A wrapper that attaches a unix timestap to a value. Timestamps are stored internally as Float64 (enabling faster and easier numeric computations like intergrals) but are displayed as DateTime.

tr = TimeRecord(0, 1.1)
>> TimeRecord{Float64}(t=1970-01-01T00:00:00, v=1.1)

tr = TimeRecord(DateTime(2014, 09, 15), "Here's a random date")
>> TimeRecord{String}(t=2014-09-15T00:00:00, v="Here's a random date")

You can retrieve timestamps using timestamp(tr) or datetime(tr)

timestamp(tr)
>> 1.4107392e9
datetime(tr)
>> 2014-09-15T00:00:00

values are retrieved using value(tr)

value(tr)
>> "Here's a random date"

TimeInterval

An object which stores two timestamps as a sorted vector. This is useful for integrals or queries on timestamps. Constructors can use either Real or DateTime as inputs.

dt = TimeInterval(0, 5); dt = TimeInterval(0=>5)
>> 1970-01-01T00:00:00 => 1970-01-01T00:00:05

TimeSeries

A vector of time records in chronological order, which among other things, supports indexing using time intervals.

ts = TimeSeries([1,2,3,4,5],[1,2,3,4,5])
>> 5-element TimeSeries{Int64}:
    TimeRecord{Int64}(t=1970-01-01T00:00:01, v=1)
    TimeRecord{Int64}(t=1970-01-01T00:00:02, v=2)
    TimeRecord{Int64}(t=1970-01-01T00:00:03, v=3)
    TimeRecord{Int64}(t=1970-01-01T00:00:04, v=4)
    TimeRecord{Int64}(t=1970-01-01T00:00:05, v=5)

ts[TimeInterval(0=>3.1)]
>> 3-element TimeSeries{Int64}:
    TimeRecord{Int64}(t=1970-01-01T00:00:01, v=1)
    TimeRecord{Int64}(t=1970-01-01T00:00:02, v=2)
    TimeRecord{Int64}(t=1970-01-01T00:00:03, v=3)

Some additional notes on TimeSeries

Interpolation

The first major functionality supported is interpolation. Supported interpolation methods are zero-order-hold (order=0) or linear (order=1).

Regular interpolation uses flat-saturation if the timestamp is out of the timeseries range.

interpolate(ts::AbstractTimeSeries, t::Union{<:Real, AbstractVector{<:Real}}; order=0)

Strict interpolation will return a missing value if outside the range.

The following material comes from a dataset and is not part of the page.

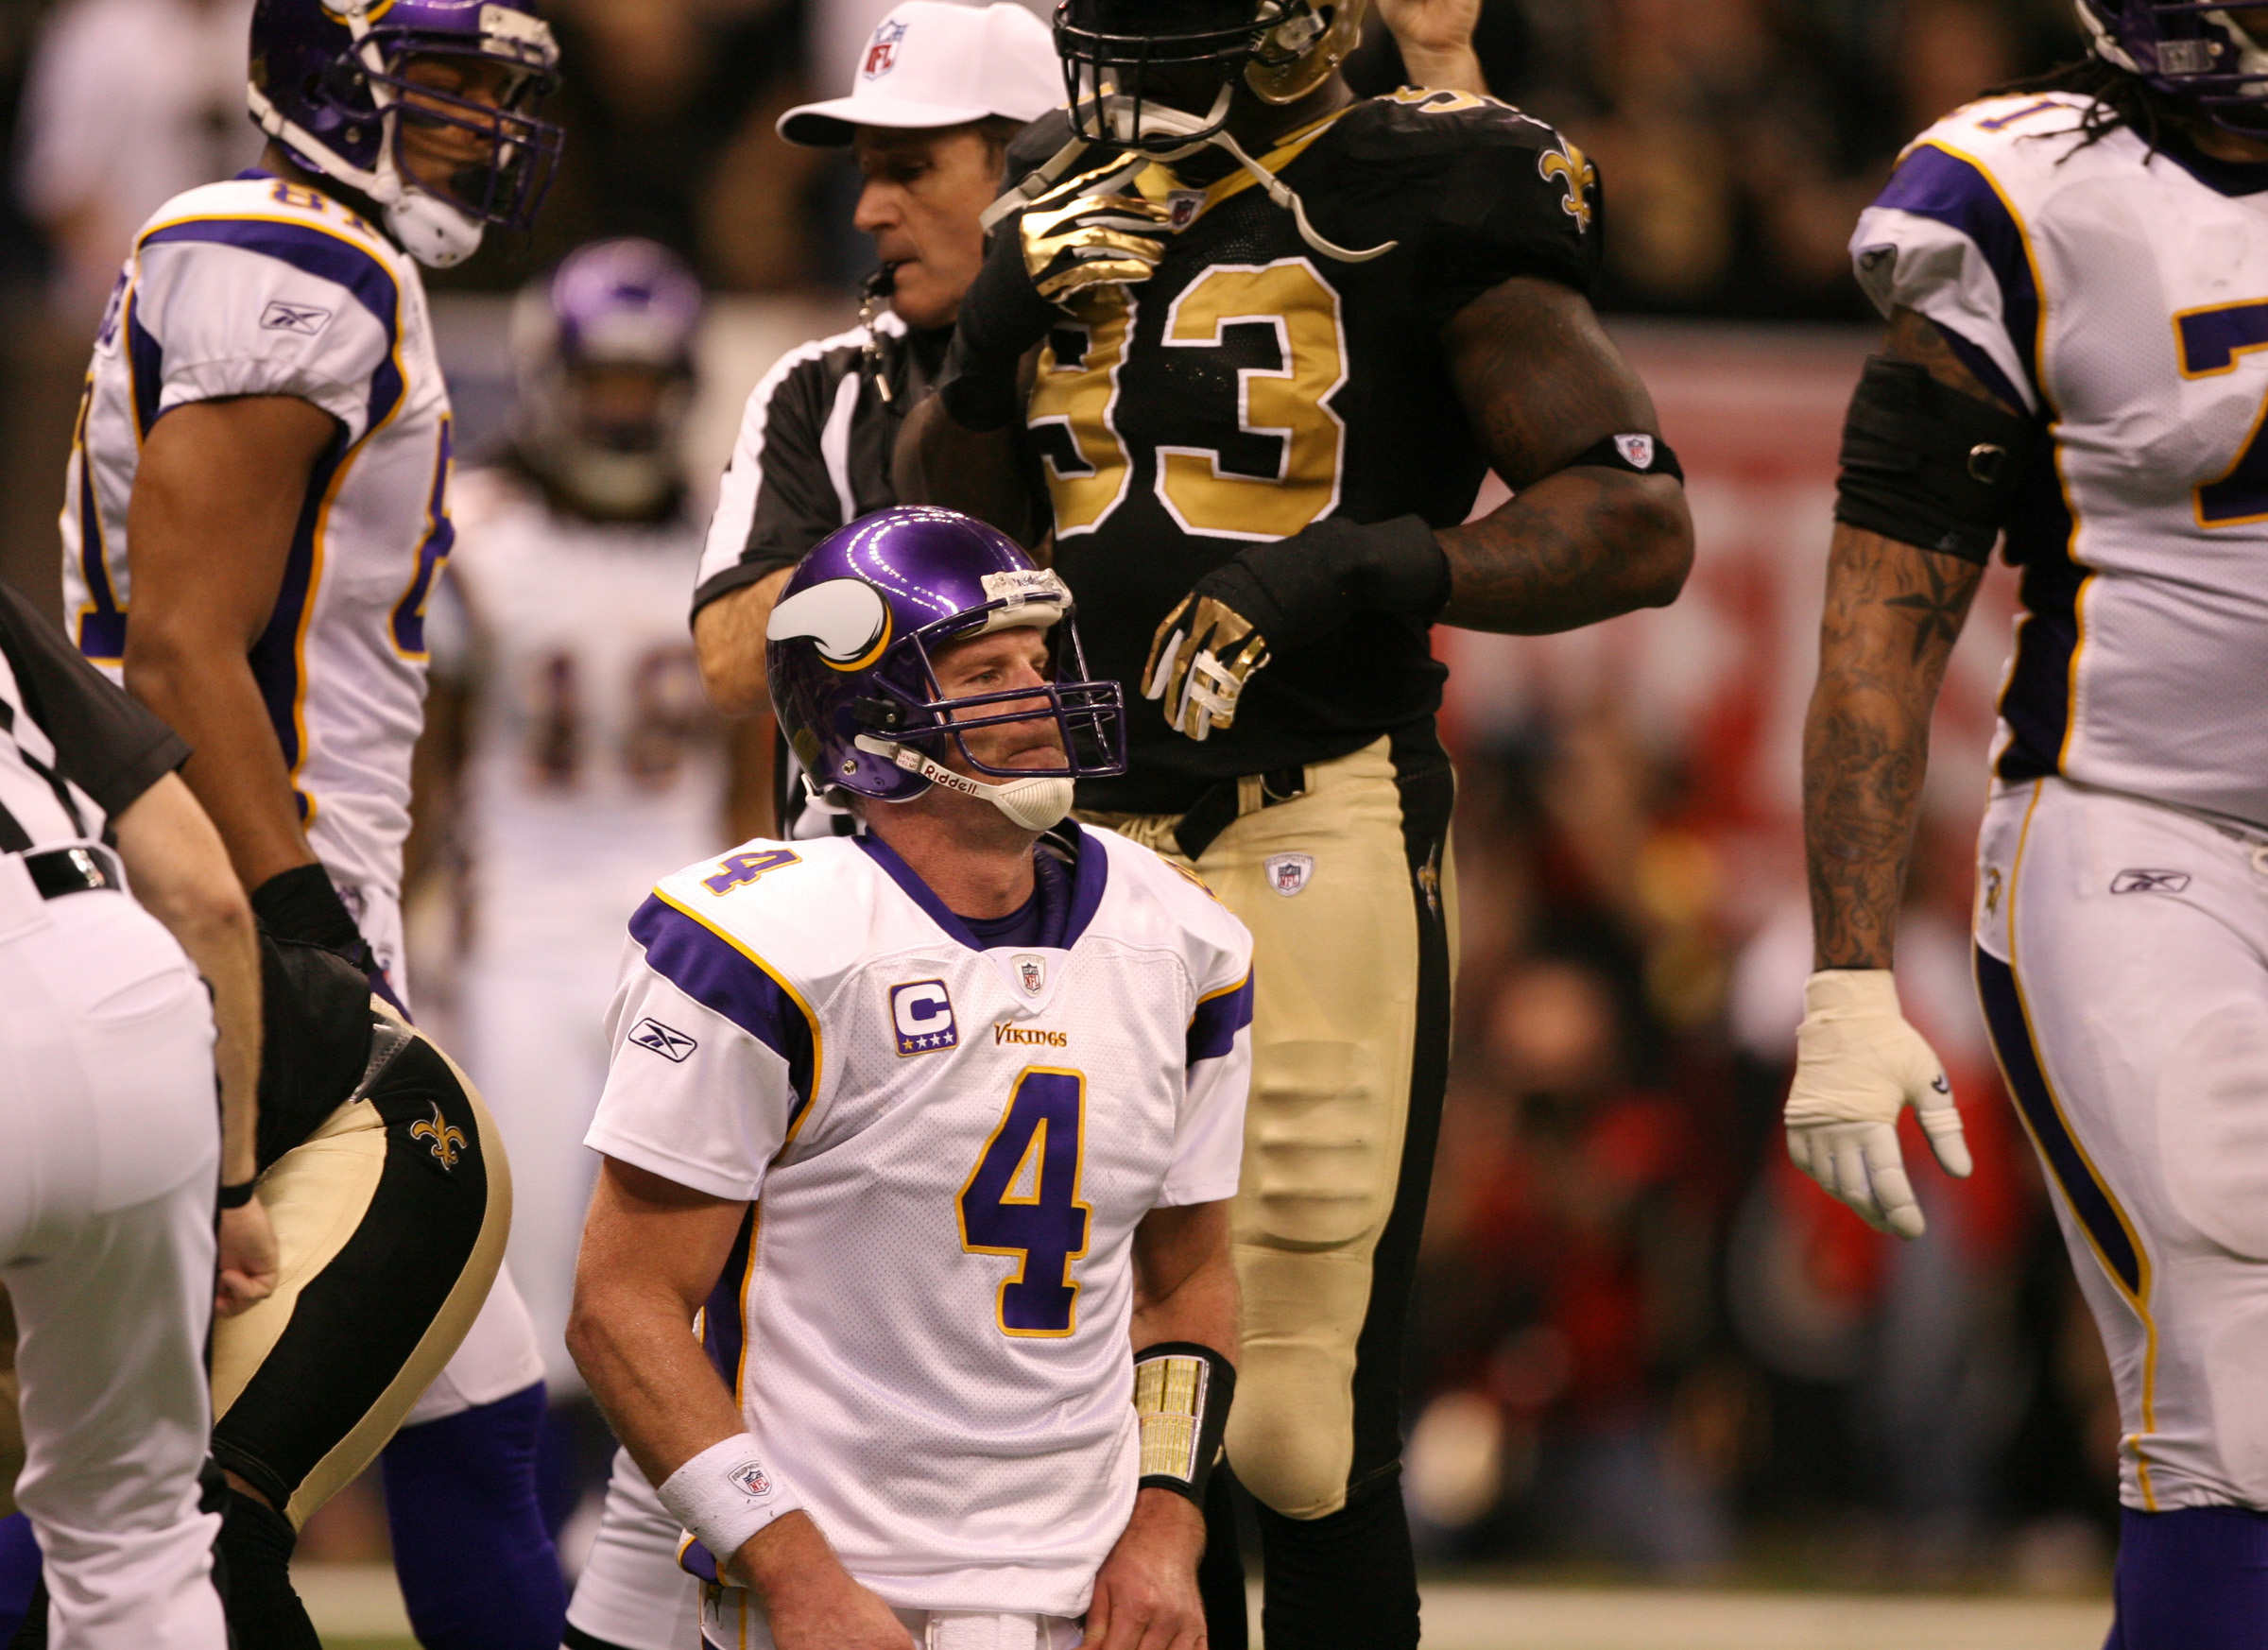 Brett Favre took quite a few extra hits against the New Orleans Saints in the 2010 NFC Championship Game.

strictinterp(ts::AbstractTimeSeries, t::Union{<:Real, AbstractVector{<:Real}}; order=0)

Integration

The second major functionality supported is integration (and averaging). Integration can be done over a simple TimeInterval, or on a vector of timestamps (where n values will result in n-1 integration intervals).

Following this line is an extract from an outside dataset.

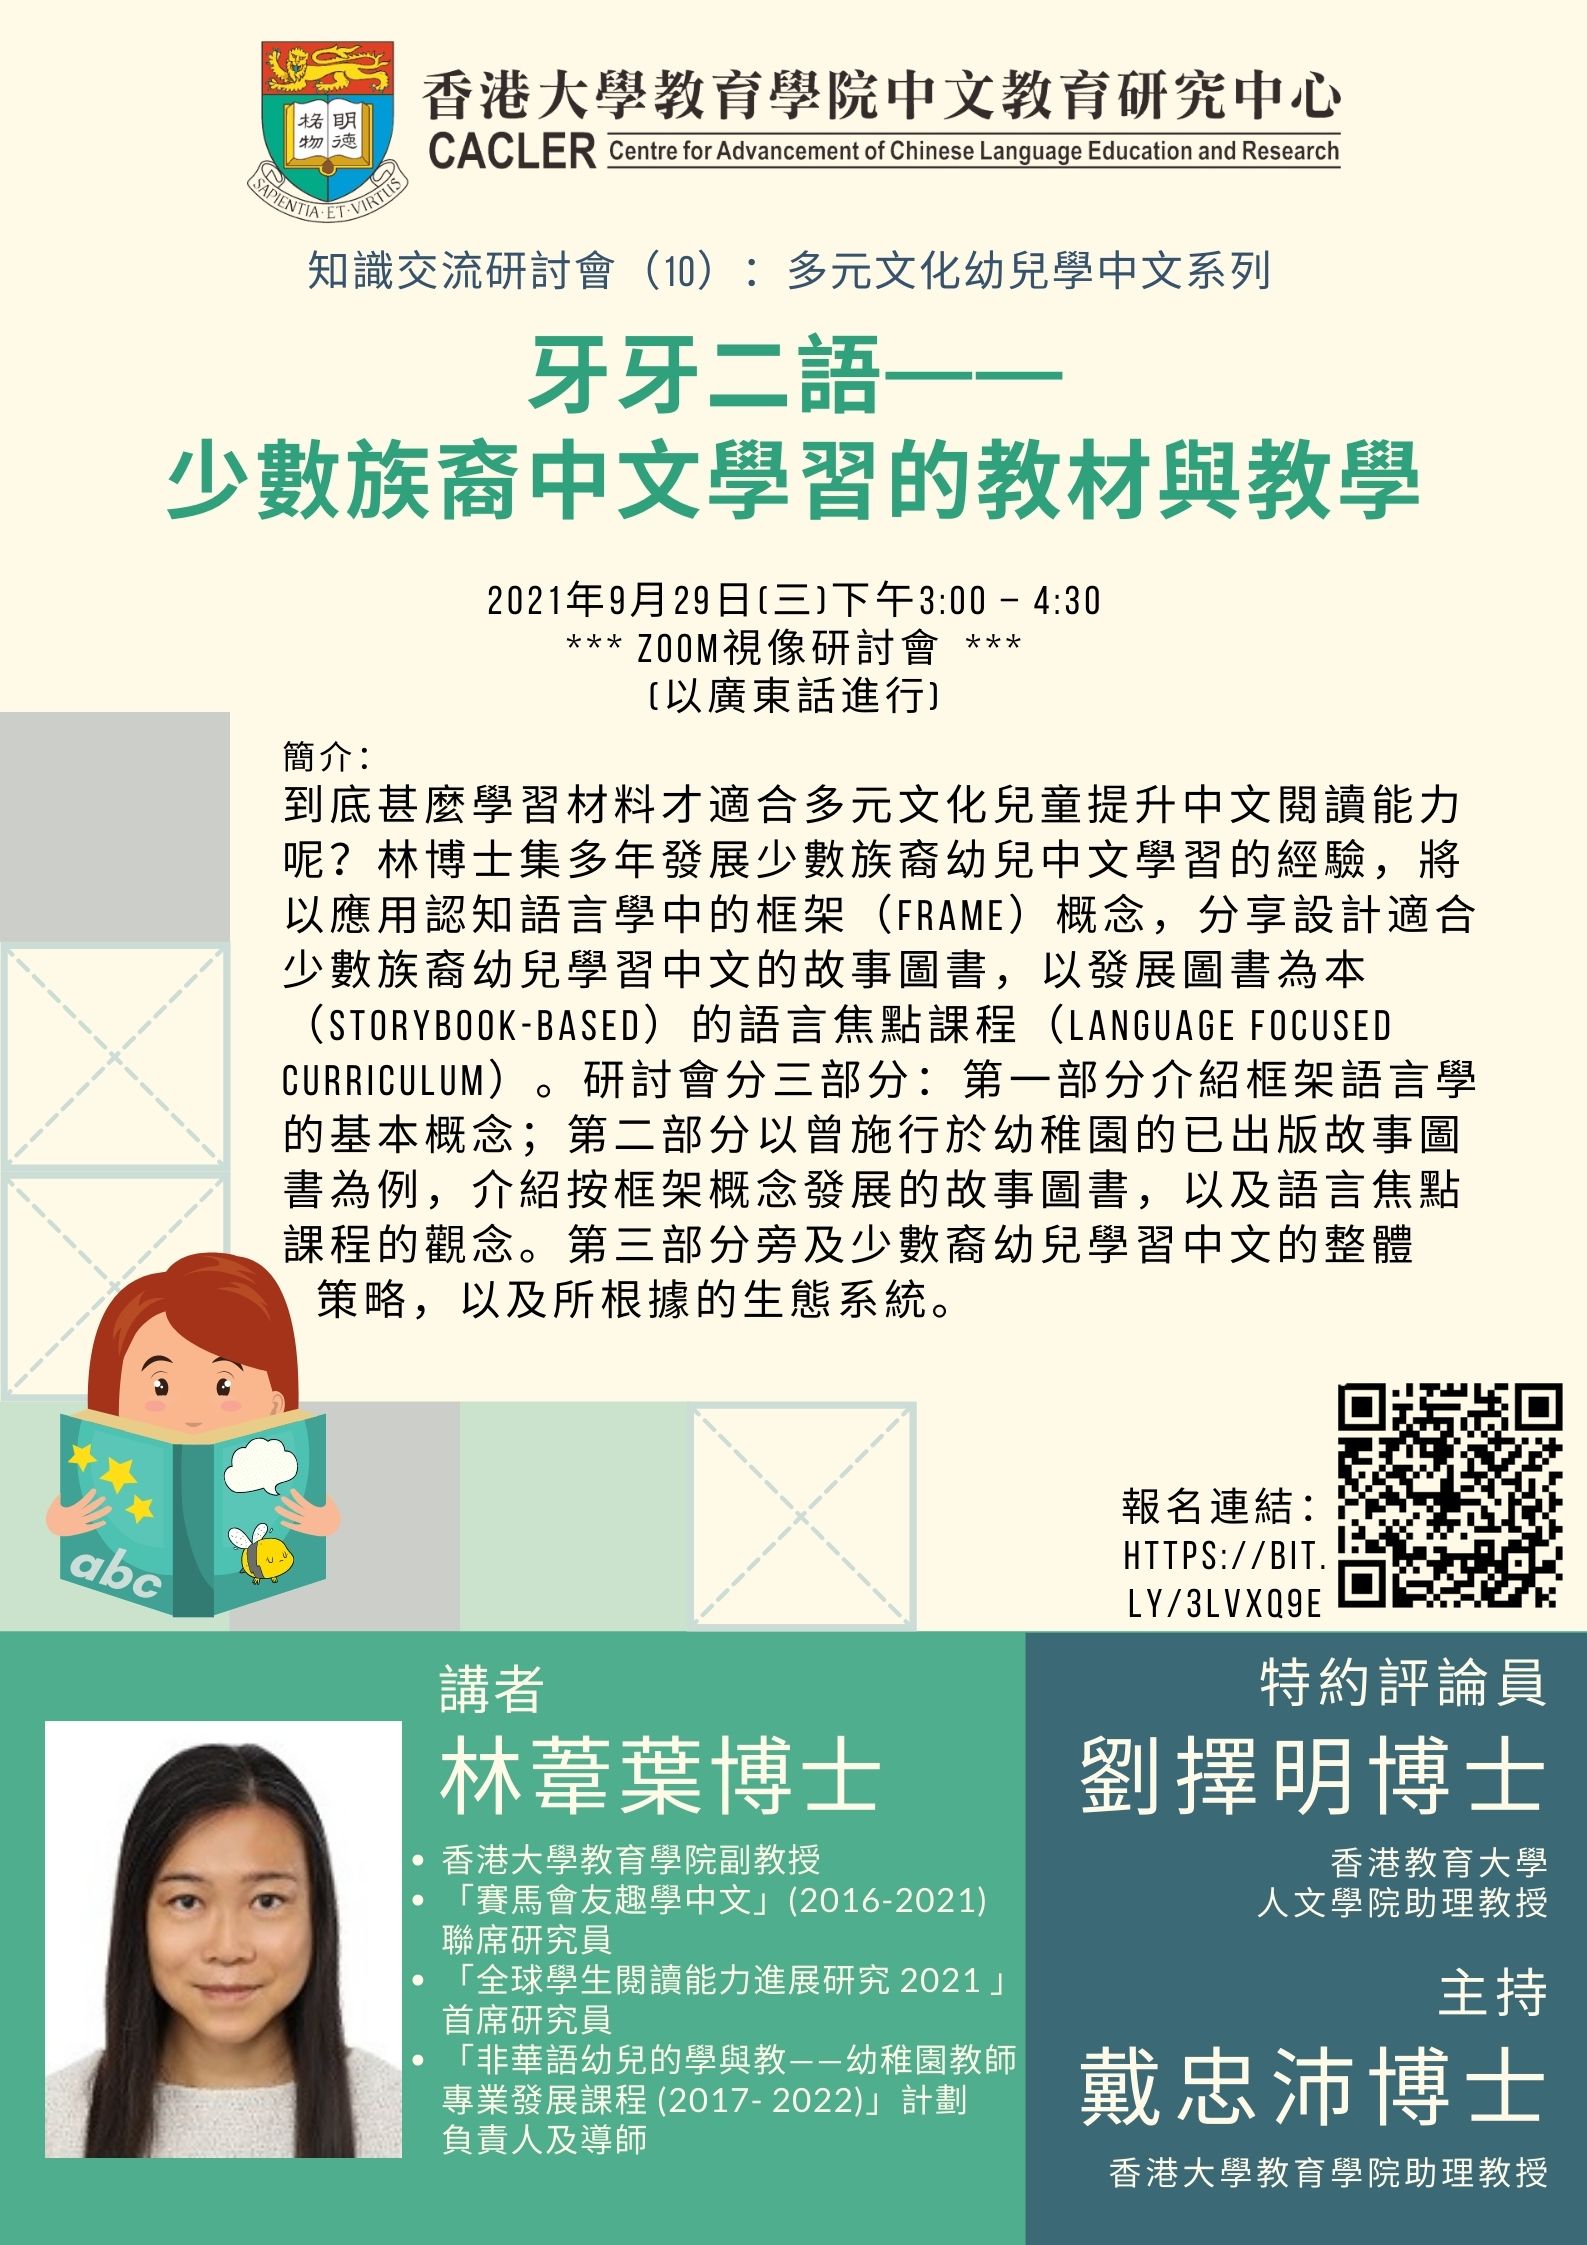 Knowledge Exchange Forum (10) Series of Multicultural Early Childhood Chinese Education : Teaching Materials and Pedagogies for EM Preschoolers Learning Chinese title

average(ts::AbstractTimeSeries{T}, vt::AbstractVector{<:Real}; order=1) where T
integral(ts::AbstractTimeSeries{T}, vt::AbstractVector{<:Real}; order=1) where T
accumulate(ts::AbstractTimeSeries{T}; order=1) where T
integral(ts::AbstractTimeSeries{T}, Δt::TimeInterval, indhint=firstindex(ts); order=1) where T <: Number

Merging

In many cases, it's desirable to have multivariate data where a full multivariate observation exists for every desired timestamp. However, it's often the case that different timestamps are available for different variables. The merging functionality finds the union of all timestamps and interpolates all timeseries, resulting in full multivariate observations for each timestamp. If desired timestamps are known, those can be provided. You can also provide a function to apply to the collection of observations (such as Vector, the default is Tuple)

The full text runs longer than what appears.